The retrospective application of the CAD software is a limitation of this study. A prospective evaluation could assess objectively whether the combined use of CAD and manual interpretation is superior to manual interpretation alone, as has been previously demonstrated in other non-cardiovascular imaging modalities using CAD, such as mammography. Additionally, a prospective study can explore the logistics and utility of applying the CAD as a CAST tool in a high-volume emergency department. An important aspect to consider when designing a prospective study is that the mean time for CAD (approx. 7 min per phase) exceeds the time required for manual interpretation if more than 2-3 phases are sent for the automatic analysis (mean reading time of an expert SCCT level III reader is approx. 5-10 min; Poon M, unpublished data). While this has the potential to be the rate-limiting step when employed in a combined prospective work flow, the ability to facilitate the triage process in a high-volume emergency department setting where the majority of the acute chest pain cases are normal is still promising. Especially when considering nights and weekends when it may be difficult to reach an expert SCCT reader and long patient waiting times is the norm.Another important limitation is the utilization of an expert manual interpretation of CCTA as the reference standard rather than the typical QCA. However, in the emergency setting, most clinical decisions are made upon manual CCTA analysis, as opposed to QCA, and thus a comparison of CAD using CCTA and manual CCTA is appropriate in this study. Furthermore, a previous study has confirmed that CAD utilizing 64-slice CCTA has high sensitivity and negative predicative value when compared to QCA that nicely complements the results of the current study.
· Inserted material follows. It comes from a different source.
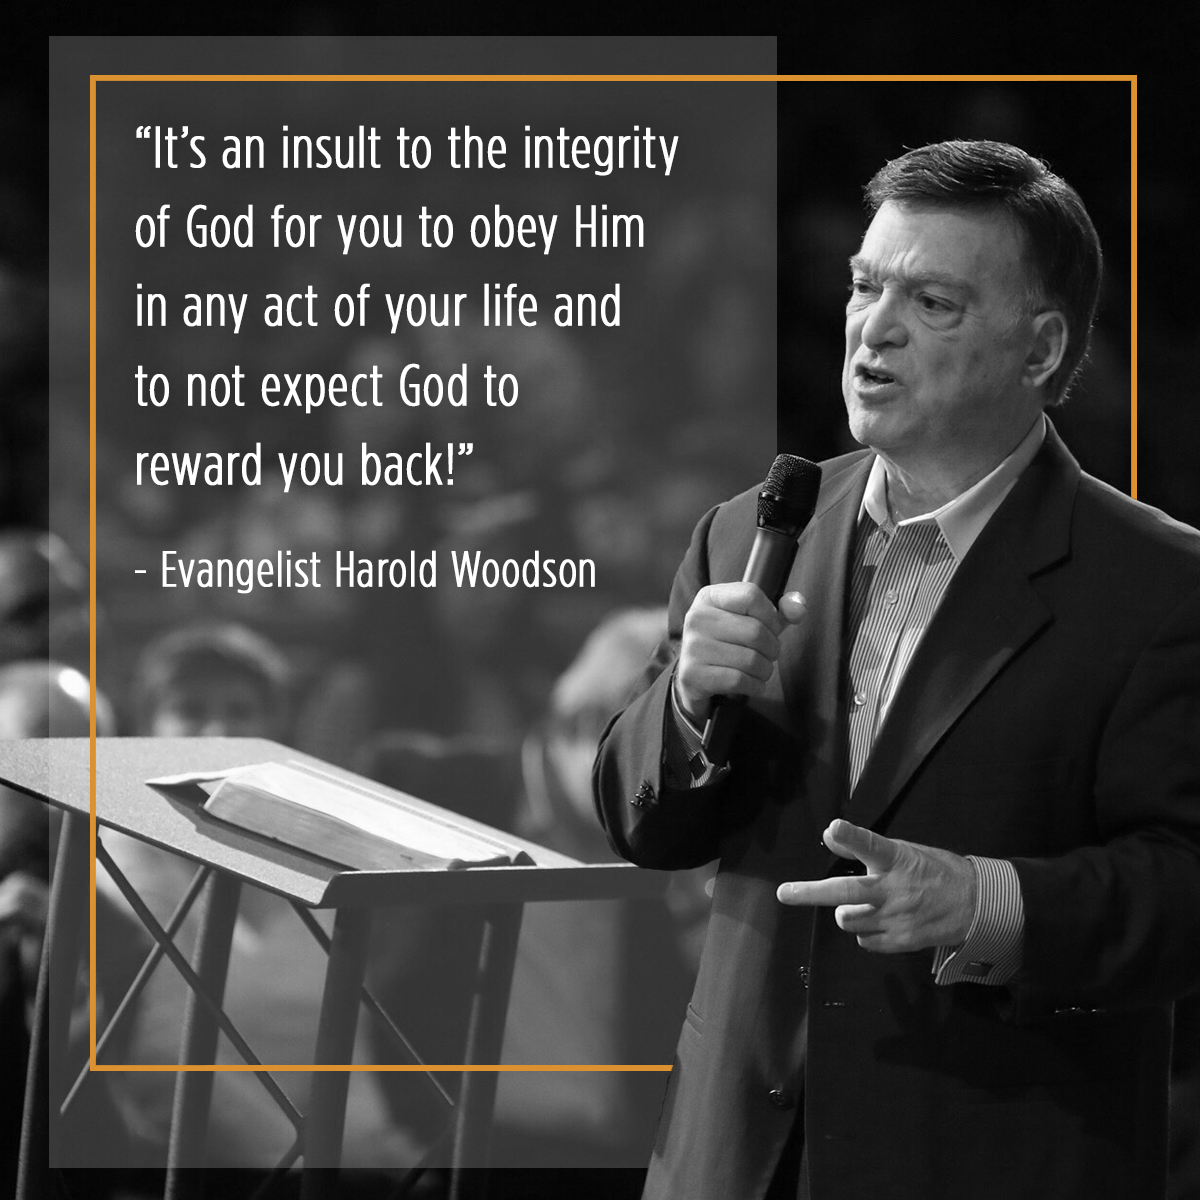 “It’s an insult to the integrity of God for you to obey Him in any act of your life and to not expect God to reward you back!” – Evangelist Harold Woodson

A final limitation to consider is the exclusion of large coronary side branches during the automated analysis. At the launch of this trial, the software did not have the capability to analyze side branches and so significant lesions may have been missed. However, since the launch of this trial, the COR analyzer has been up-dated and now incorporates side branches in the coronary analysis with promising initial results.

Conclusions

In this multi-center, retrospective study, we have shown the utility of the CAD for analysis of coronary heart disease using CCTA. By applying the software in 3 distinct clinical sites, we demonstrated that the CAD system is compatible with scans from 3 major CT scanner manufacturers as well as in varying patient populations with different incidences of CHD.

In a low-risk population, the CAD system shows as a CAST tool. This is particularly exciting when considering the low prevalence of CHD typically encountered in the emergency department. While both the moderate and high prevalence populations are not viable candidates for the usage of CAD as a CAST tool, the importance in these populations is not lost. First, the inexperienced reader can benefit from a CAD second reader in ruling out false positives the inexperienced reader might encounter. Additionally, an experienced reader can rapidly disregard many of the false positives read by the CAD software leading to an efficient human-computer interface in the diagnosis of CHD using CCTA.

Overall, computer-aided diagnosis in the evaluation of coronary heart disease is starting to become a reality. With this study, we have shown the commercially available CAD system to be a potential candidate to take on this role in various clinical sites with various incidences of coronary heart disease.